Solving Problems about Proportional Relationships

Let’s solve problems about proportional relationships.

Problem 1

For each situation, explain whether you think the relationship is proportional or not. Explain your reasoning.

  1. The weight of a stack of standard 8.5x11 copier paper vs. number of sheets of paper.
  2. The weight of a stack of different-sized books vs. the number of books in the stack.
An image of a stack of copier paper.
An image of 5 different-sized books, stacked on top of one another.

Problem 2

Every package of a certain toy also includes 2 batteries.

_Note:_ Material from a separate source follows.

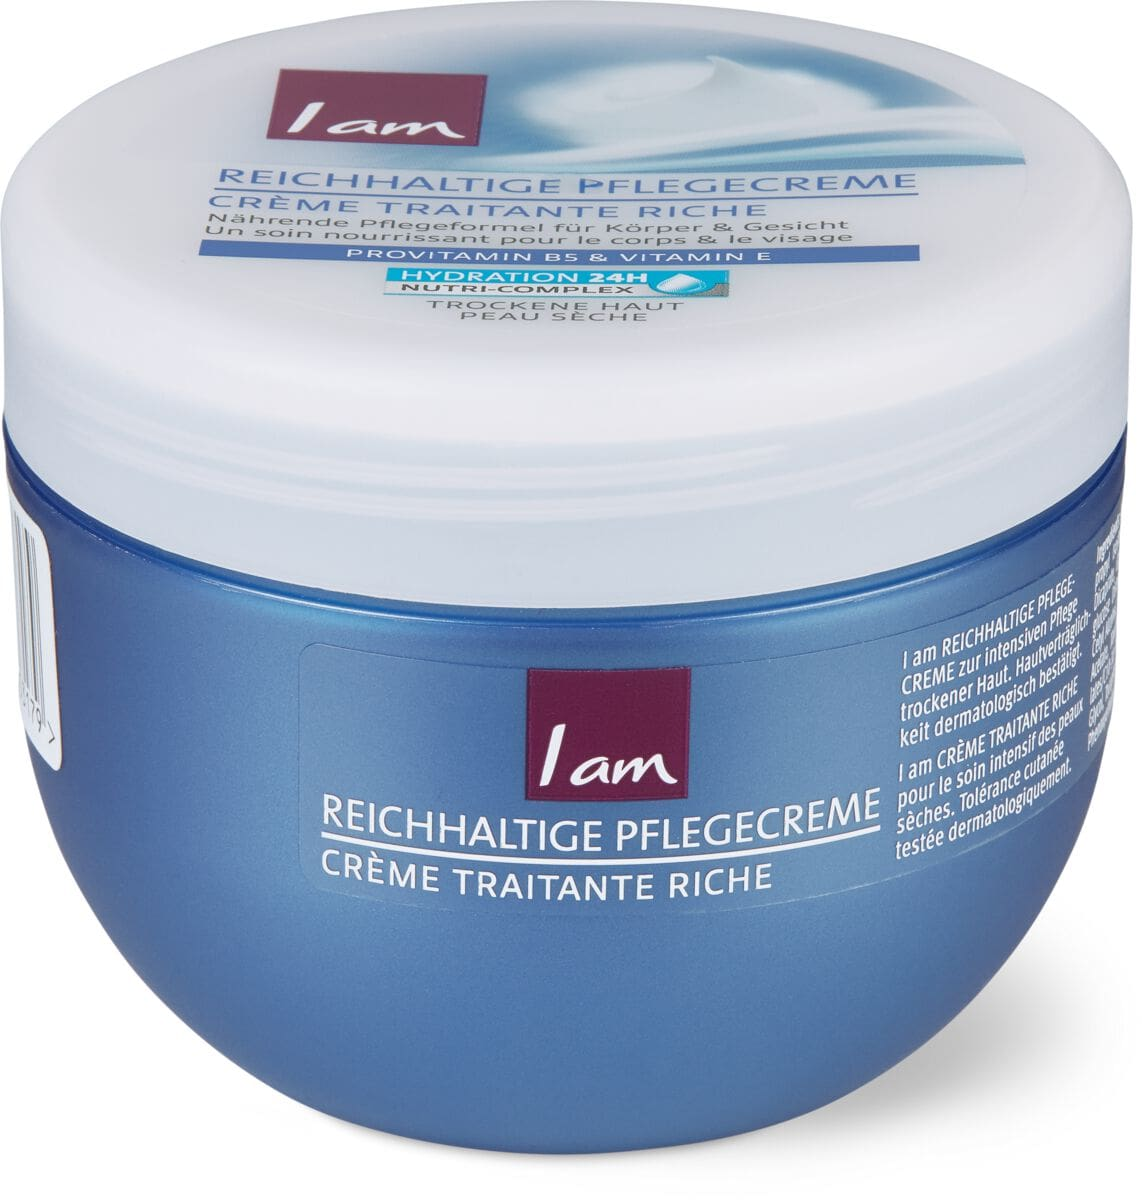 I am Crème Traitante riche

  1. Are the number of toys and number of batteries in a proportional relationship? If so, what are the two constants of proportionality? If not, explain your reasoning.
  2. Use \(t\) for the number of toys and \(b\) for the number of batteries to write two equations relating the two variables.

    \(b = \)

    \(t = \)

Problem 3

Lin and her brother were born on the same date in different years. Lin was 5 years old when her brother was 2.

  1. Find their ages in different years by filling in the table.
    Lin's age Her brother's age
    5 2
    6
    15
    25
  2. Is there a proportional relationship between Lin’s age and her brother’s age? Explain your reasoning.

Problem 4

A student argues that \(y=\frac{x}{9}\) does not represent a proportional relationship between \(x\) and \(y\) because we need to multiply one variable by the same constant to get the other one and not divide it by a constant. Do you agree or disagree with this student?

(From Unit 5, Lesson 5.)

Problem 5

In one version of a trail mix, there are 3 cups of peanuts mixed with 2 cups of raisins. In another version of trail mix, there are 4.5 cups of peanuts mixed with 3 cups of raisins. Are the ratios equivalent for the two mixes? Explain your reasoning.

(From Unit 5, Lesson 1.)